The Russian‑American cellist Nina Kotova has all the hallmarks of a superstar. Glamorous of looks, she has made a point of playing the celebrity game, appearing on television chat shows, featuring in Vogue and Elle and, dare one say, even featuring as cover artist for Classic fM magazine. She plays the most gorgeous cello, the 1679 du Pré Stradivarius. She is a confident and fluent virtuoso, but for me she just does not 'get' Bach at all. While it is true that one can show too much reverence for these works, or that one can over‑romanticize them, what one cannot do is to present them primarily as vehicles for virtuosity. Yet that is exactly what Kotova seems to do. There is a relentless hardness about her readings, the sound all high‑tension steel. Speeds often seem deceptively fast for much detail of articulation to survive intact ‑ indeed, occasionally one loses a sense of metre. No room is given to draw breath and consequently the music feels constrained, riddled with self‑conscious rather than natural-­sounding mannerisms. Kotova seems intent on imposing herself upon music which has no need of such an imposition. Half the secret of playing Bach lies in knowing just how far to stand back from oneself, as it were, and simply let the notes do the talking.
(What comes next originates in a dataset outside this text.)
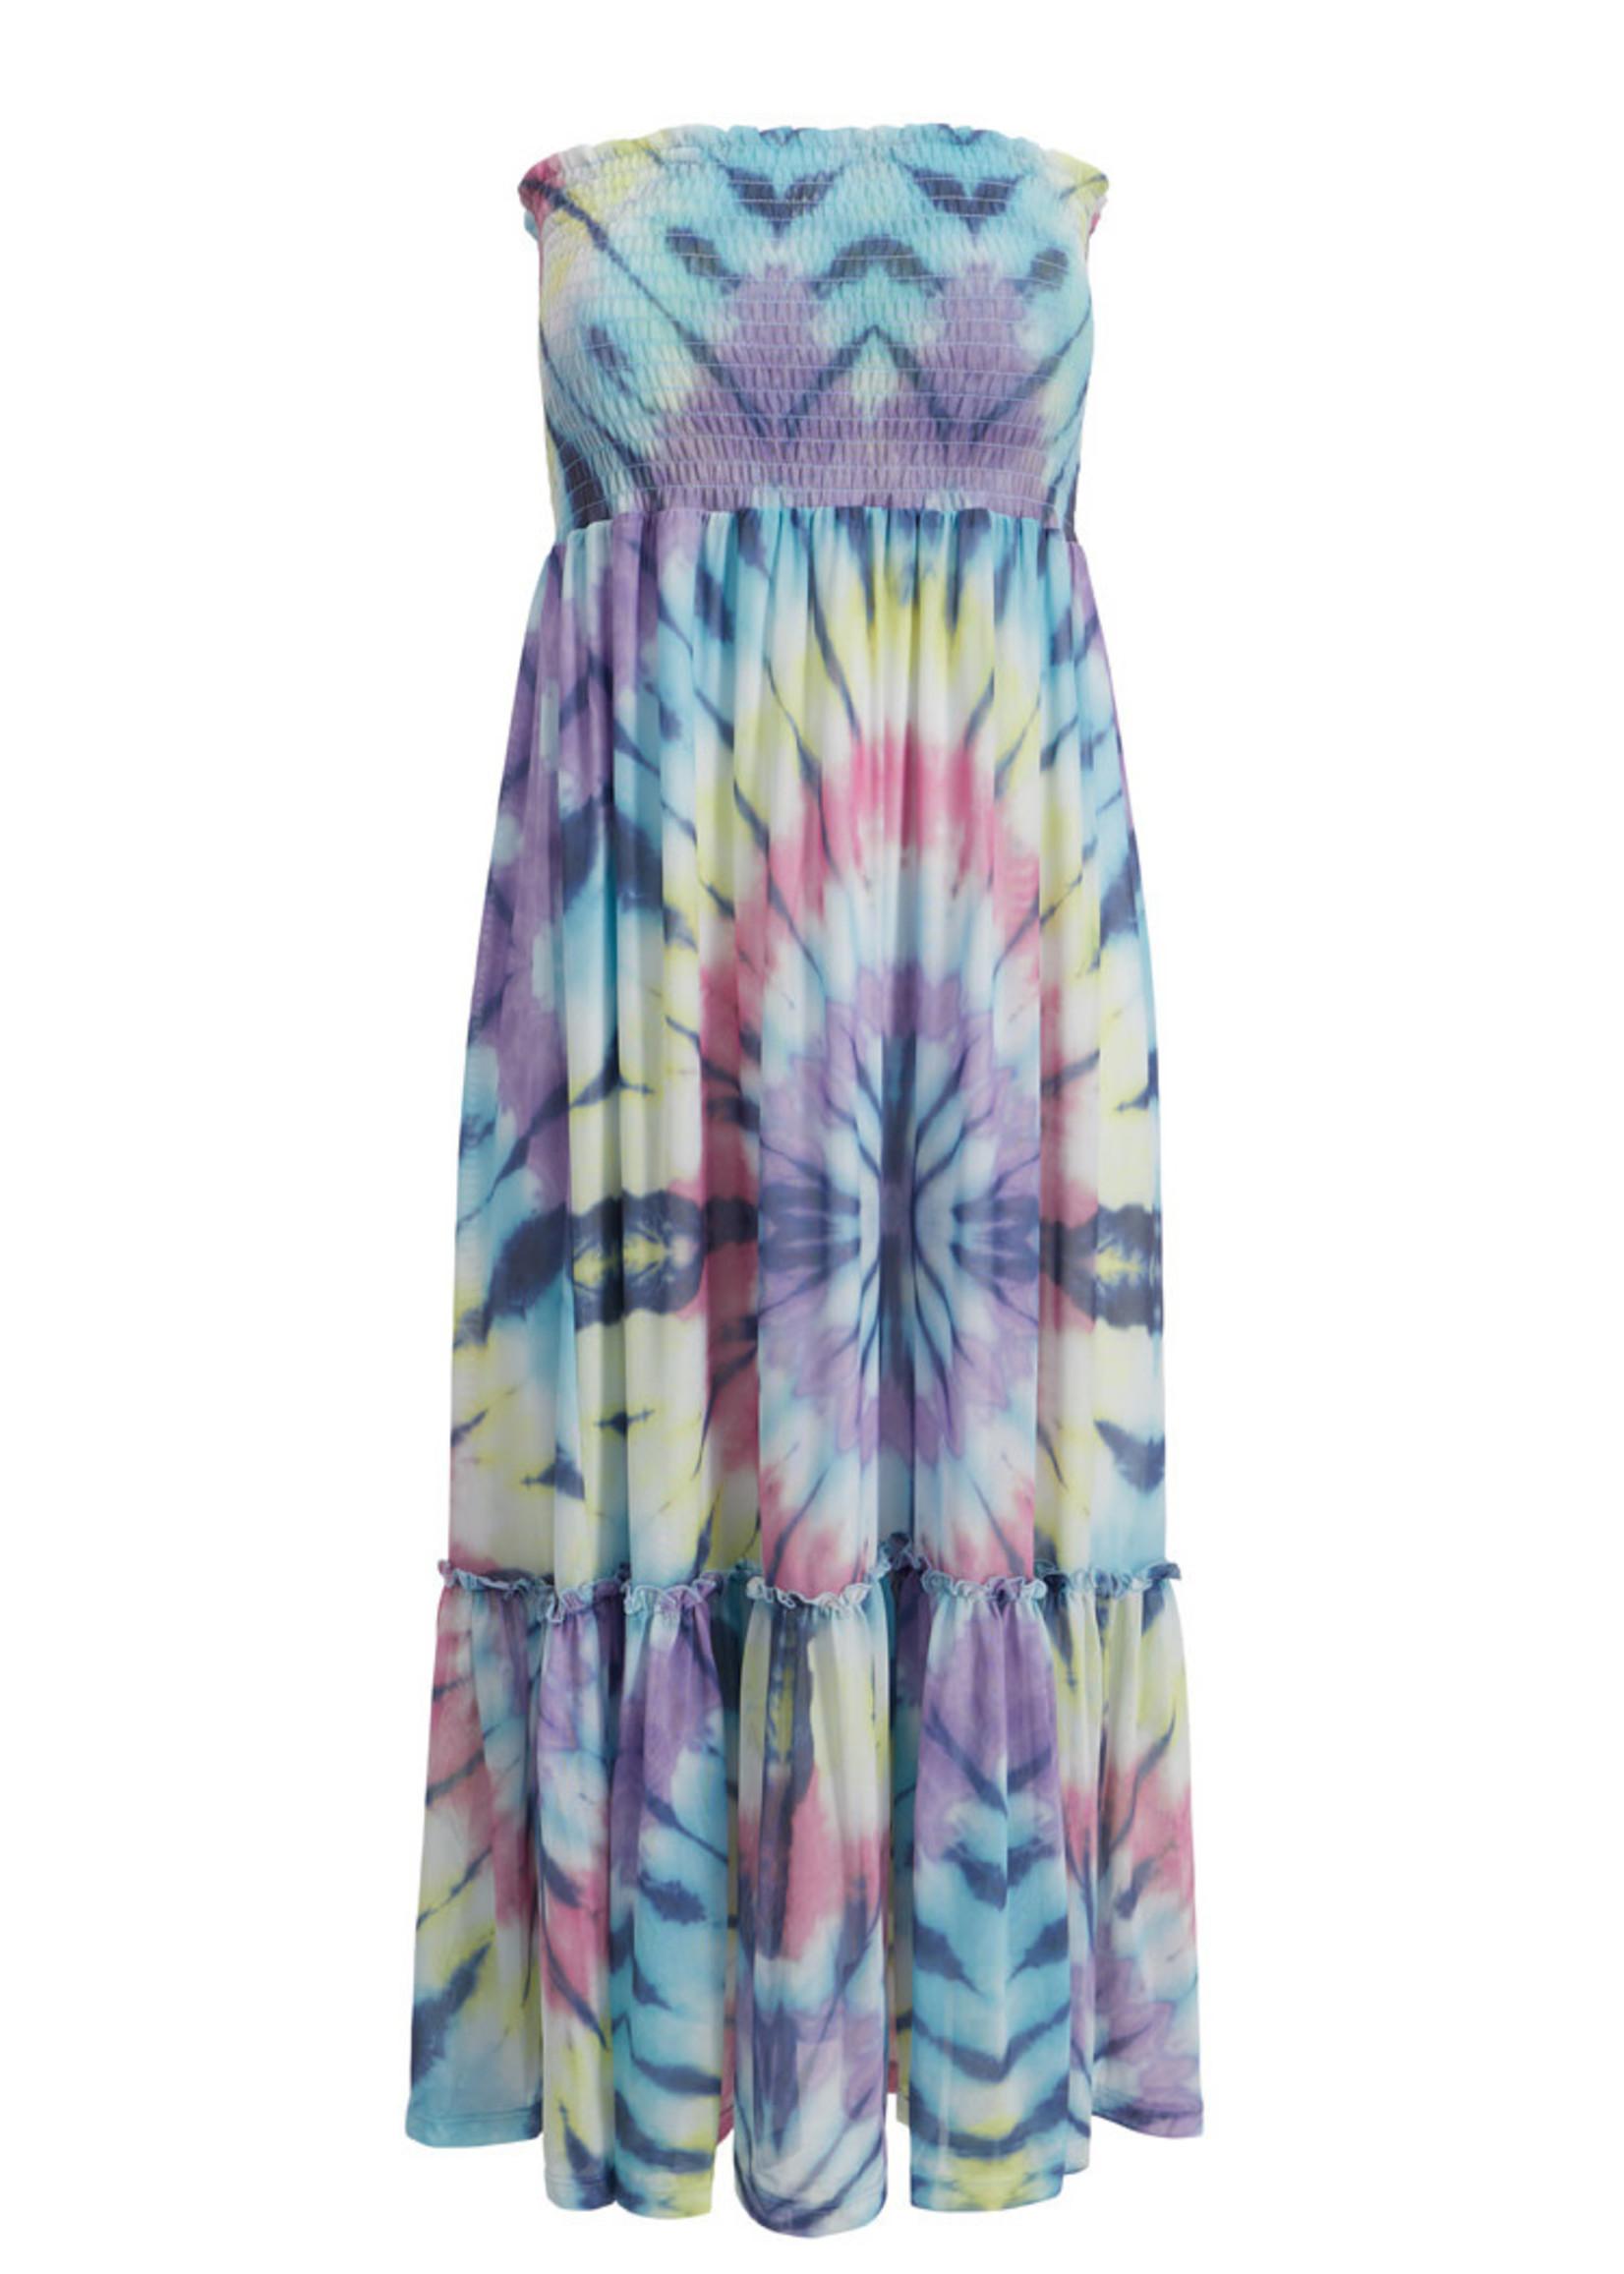 Tribal Wear 2 Ways: Skirt/Dress 65730

Examples of moments that jar lurk at every corner: the elided echoing phrases in the Bourrée of the Fourth Suite, the relentless charge of its Gigue, or that of the Prelude of the Fifth Suite, the lack of space and soul afforded the Fifth's Allemande. It's less a matter of Baroque 'rules' not being applied ‑ I still enjoy the first recording I knew, that of Paul Tortelier, who as much as anyone else wore a subjective heart on his sleeve and whose interpretation showed little concern for historical exactitude ‑ but in the end one of a failure to understand the scale and the fundamental intimacy of these pieces.

   The listener should be gently beckoned into this world, which is what de Hoog achieves. De Hong plays two different cellos, a Guadagnini of around 1750 for Suites

Nos. 1‑5 and a five‑string anonymous Bohemian instrument of around 1760 for Suite No. 6, both set up in the Baroque manner, with gut strings, and played with Baroque bows. The sound is of course lighter, more transparent, but also actually more flexible of colour. The lower tension of strings and bow see to that and also allow ‑ indeed necessitate ‑ minute attention to articulation and to detail. Above all de Hong, unlike Kotova, knows that this music needs to breathe naturally, to exist in its own space.

Her tempos are invariably well chosen to maintain clarity of line, phrase and thought in both faster movements, such as the Gigue of the Third Suite, with its characterful drone effects, and in slower ones, like the ruminative Prelude of the Second Suite. And whereas Kotova dispatches the works in numeric order, de Hoog is also more thoughtful about the order of the suites, the first disc containing the First, Fourth and Fifth Suites, the second the Third, Second and Sixth.

As for the sound of each recording, Kotova is given the closely miked treatment which serves only to exacerbate the unfriendly metallic colours she draws from her instrument, the sound of hair scraping on steel very much in evidence. The ambience is perhaps by way of compensation warm and seems to provide supplementary resonance to that of the instrument itself. De Hoog, on the other hand, is presented much more naturally, at a slight but realistic distance , and a considerably lower decibel level, her acoustic theatre a friendly, well‑proportioned one.